The chemistry known as oxygen-reduction reaction takes place at the fuel cell’s cathode, creating water as its only waste. The cathode also is where up to 40 percent of a fuel cell’s efficiency is lost, so “this is a crucial step in making fuel cells a more competitive technology with internal combustion engines and batteries,” said Shouheng Sun, professor of chemistry at Brown and co-author of the study.
The research team, which includes Brown graduate student and co-author Vismadeb Mazumder and researchers from Oak Ridge National Laboratory in Tennessee, created a 5-nanometer palladium core and encircled it with a shell consisting of iron and platinum. The trick, Mazumder said, was in molding a shell that would retain its shape and require the smallest amount of platinum to pull off an efficient reaction. The researchers found a way to create a shell that uses only 30 percent platinum, although they expect to make thinner shells and use even less platinum.
In laboratory tests, the palladium/iron-platinum nanoparticles generated 12 times more current than commercially available pure-platinum catalysts at the same catalyst weight. The output also remained consistent over 10,000 cycles, at least 10 times longer than commercially available platinum models that begin to deteriorate after 1,000 cycles.

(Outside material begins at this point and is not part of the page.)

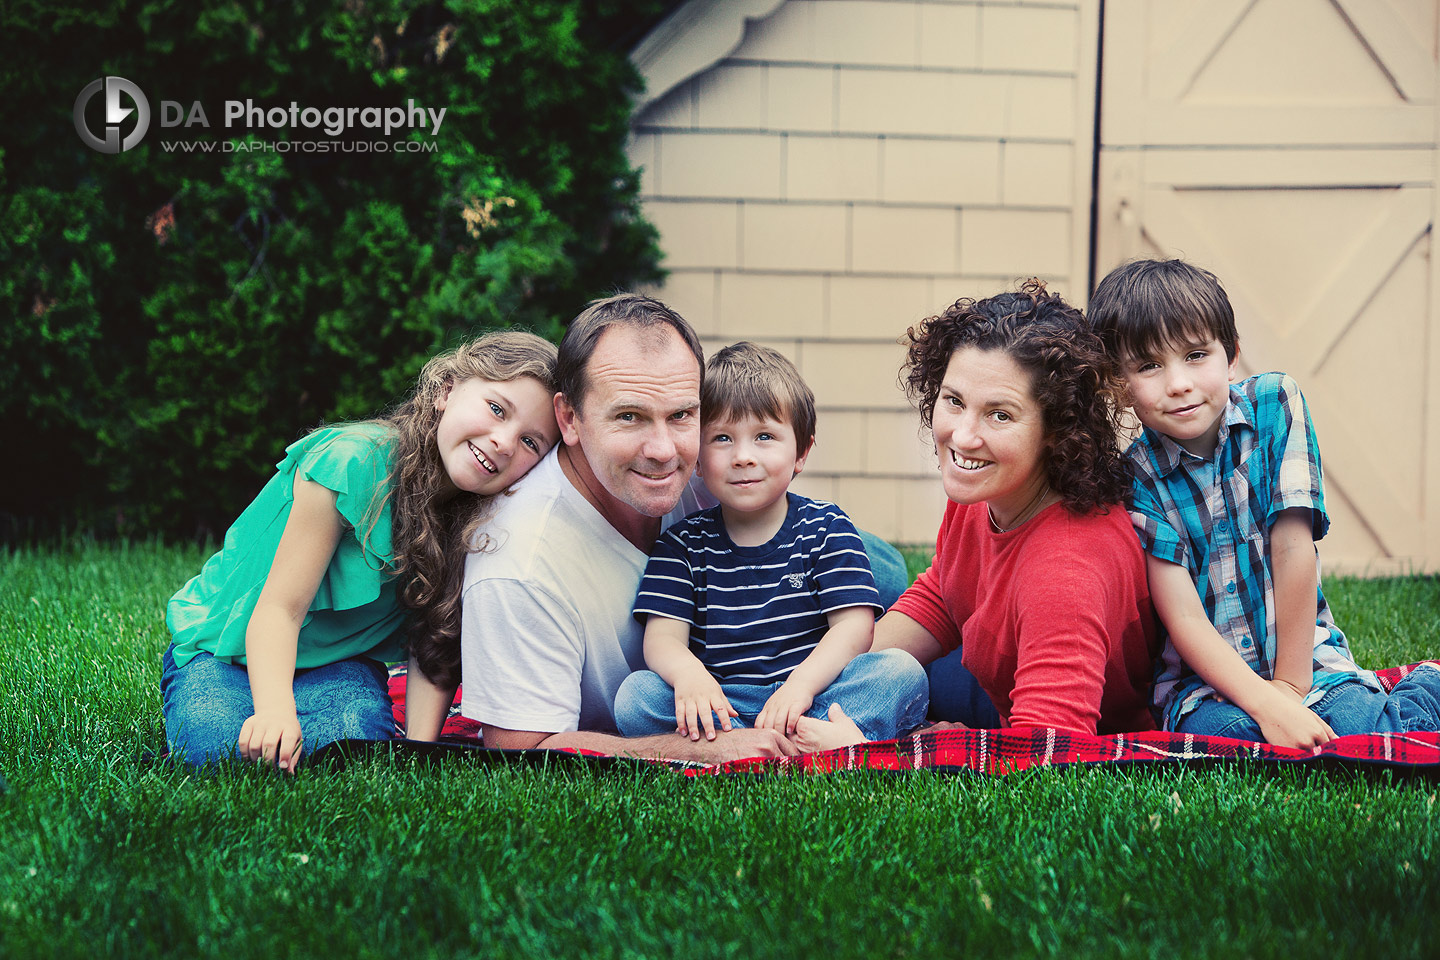 The Happy Family - Family Photography

“This is a very good demonstration that catalysts with a core and a shell can be made readily in half-gram quantities in the lab. They’re active, and they last,” Mazumder said. “The next step is to scale them up for commercial use, and we are confident we’ll be able to do that.”
The U.S. Department of Energy’s Office of Energy Efficiency and Renewable Energy funded the research as part of its Fuel Cell Technologies Program.